# sauces, James peterson



## chouxbacca (Aug 10, 2001)

well, the book is called sauces, classical anbd contemporary. It is the best book I have ever seen on this particular subject. the guy goes far into the depth of sauce making and definition, not to mention the recipes, and it is quite a good read as far as keeping you interested goes, I highly reccomend this to anyone willing to look at it. Your public library should have it(and youd personal library should too), if your city is big enough...they did, after all, in peterborough.


----------



## chiffonade (Nov 29, 2001)

James Peterson is a former dean at Peter Kump's (where I went to culinary school). His book _Sauces_ is really an in-depth lesson into sauce making and not just a one dimensional list of recipes.

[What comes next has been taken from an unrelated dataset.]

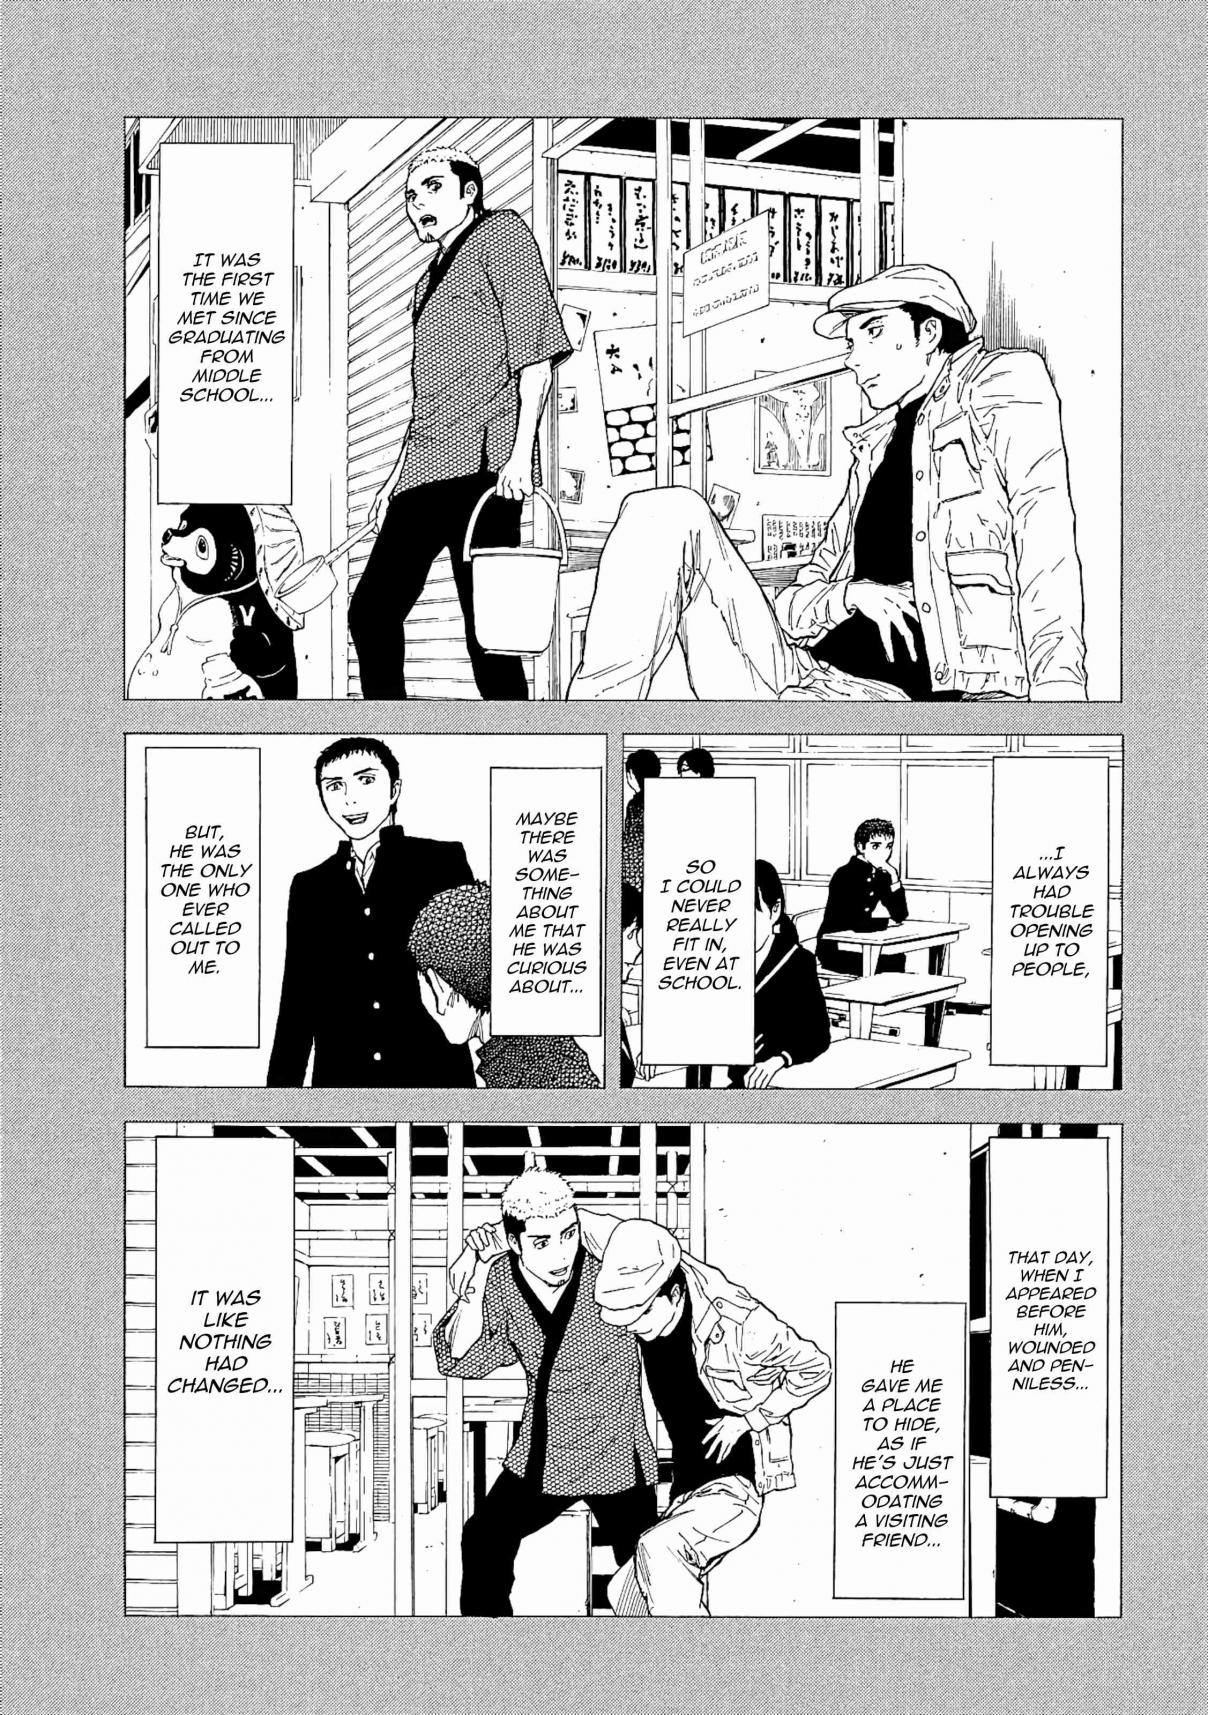 My Home Hero Vol. 7 Ch. 58 The Last of a Friend

While I enjoyed his detailed excursion into _Sauces,_ his book, _Soups_ didn't ring any bells for me. Soup is primarily supposed to be simple and comforting. If one were to put the amount of work into soup as he does, you would expect more in the end than a bowl of liquid. No doubt the recipes _taste_ fantastic, but you have to decide whether you want to perform that many steps to arrive at soup.


----------



## suzanne (May 26, 2001)

I've got 3 of his books: the aforementioned _Sauces_, and also _Vegetables_ and _Fish and Shellfish_. Given their size and his reputation, I expected them to be really, I mean *REALLY* comprehensive. But more than half the time I've looked something up, it wasn't there (or at least I couldn't find it in the index). For example, when I was researching the question somebody here had about Thomas Keller's resting sauce (Beurre manie? Beurre monte? Beurre fondu? Beurre blanc?), there was no mention of beurre monte. A minor disappointment, but still...

As for _Vegetables_, it's okay, but to me the absolute best is Elizabeth Schneider's newest: _VEGETABLES from Aramanth to Zucchini_. Her books are the best I've found for current reference on ingredients and uses. As soon as I've looked at it more, I'll put up a thread.


----------